** Problem to work on **
Exactly as written, retype the listing below, omitting the pictures.

** Data excerpt **
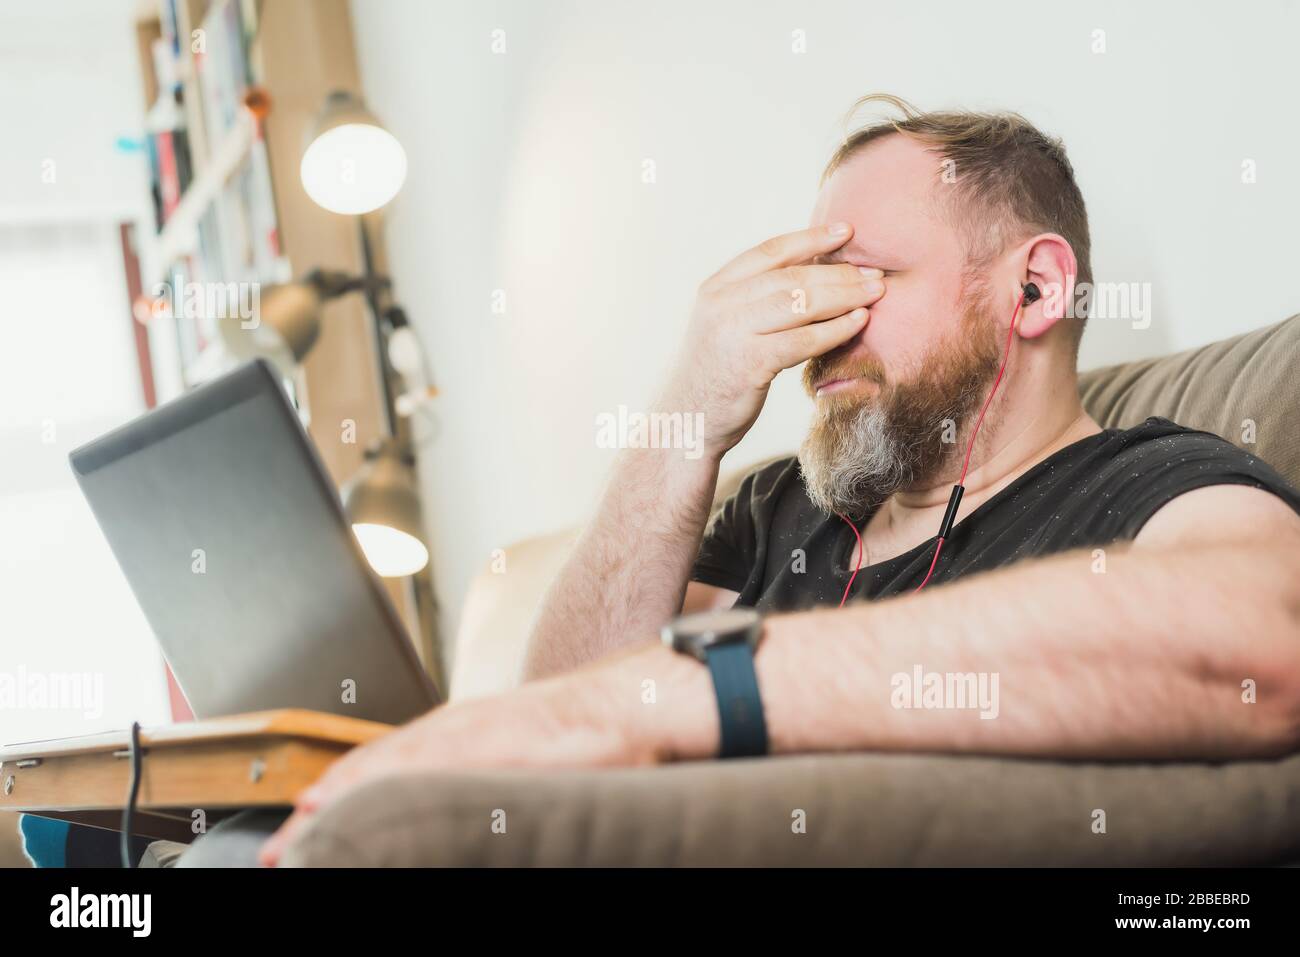 Work from home because pandemic. Remote office. IT specialist conduct online meetings Stock Photo
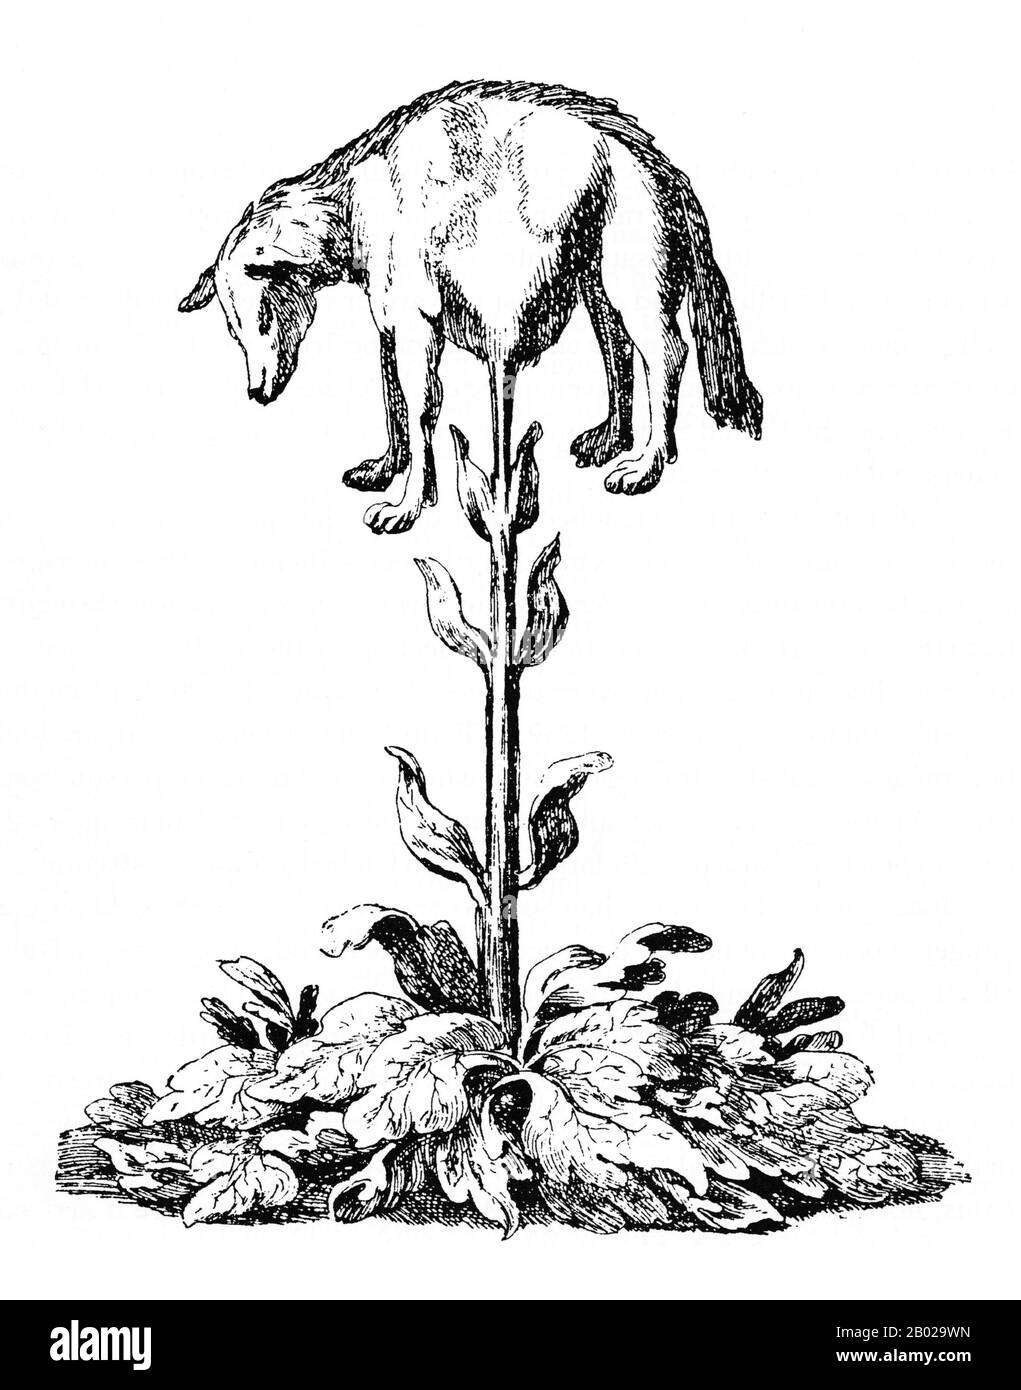 The Vegetable Lamb of Tartary (Latin: Agnus scythicus or Planta Tartarica Barometz) is a legendary zoophyte of Central Asia, once believed to grow sheep as its fruit.  The sheep were connected to the plant by an umbilical cord and grazed the land around the plant. When all the plants were gone, both the plant and sheep died. Stock Photo
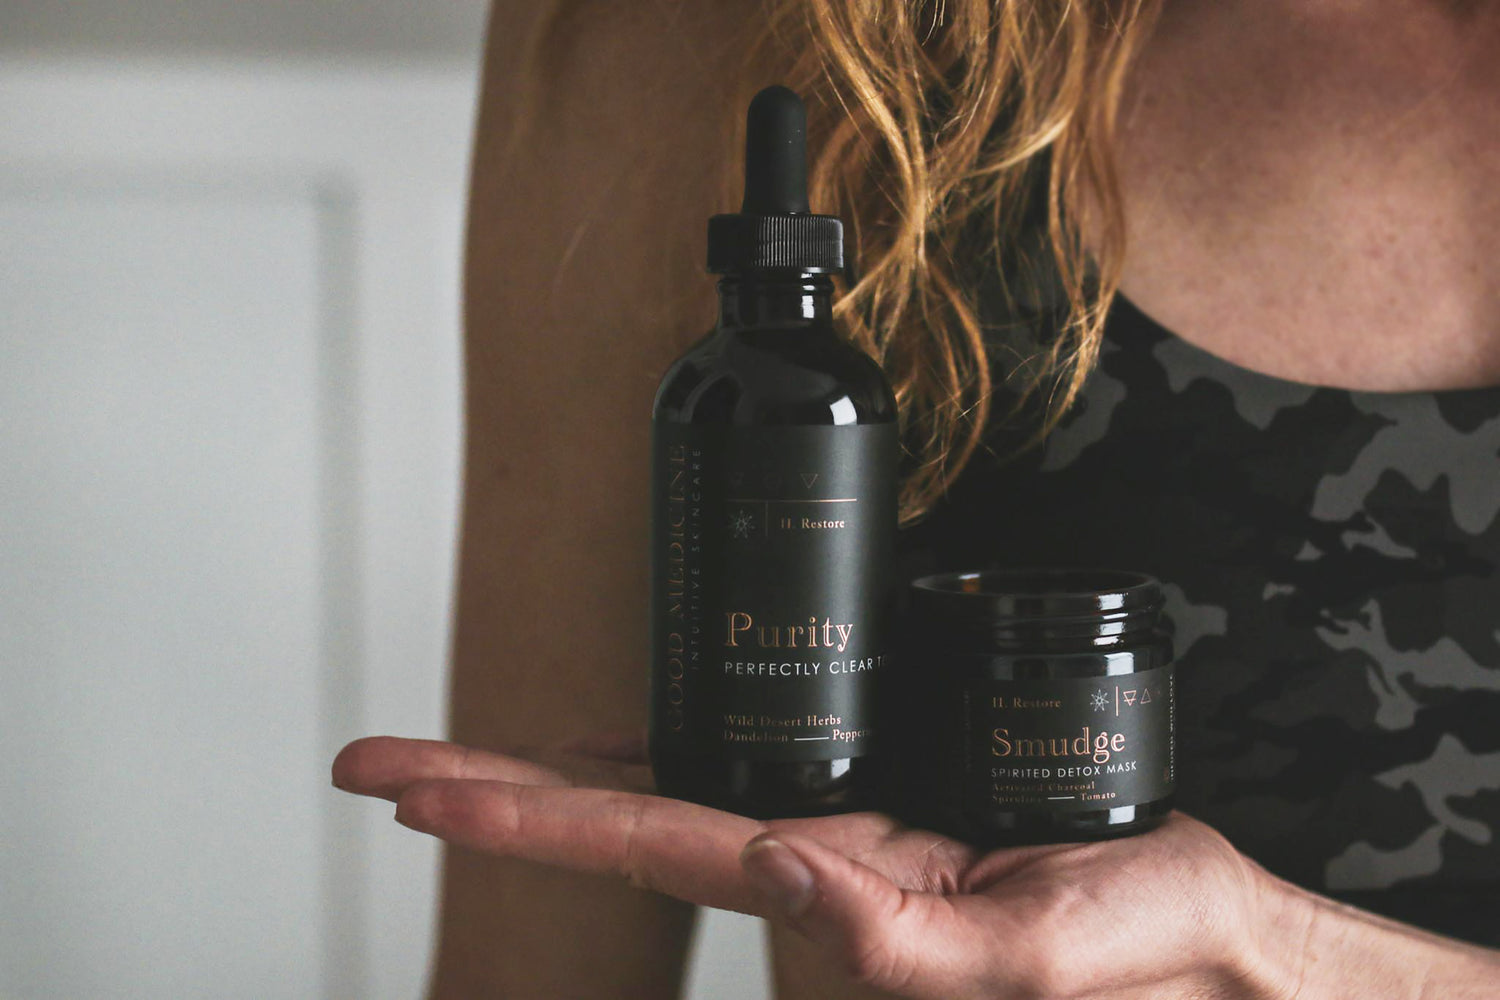 Armpit Detox with Purity + Smudge

** Solution below **
 Work from home because pandemic. Remote office. IT specialist conduct online meetings Stock Photo
 The Vegetable Lamb of Tartary (Latin: Agnus scythicus or Planta Tartarica Barometz) is a legendary zoophyte of Central Asia, once believed to grow sheep as its fruit.  The sheep were connected to the plant by an umbilical cord and grazed the land around the plant. When all the plants were gone, both the plant and sheep died. Stock Photo
 Armpit Detox with Purity + Smudge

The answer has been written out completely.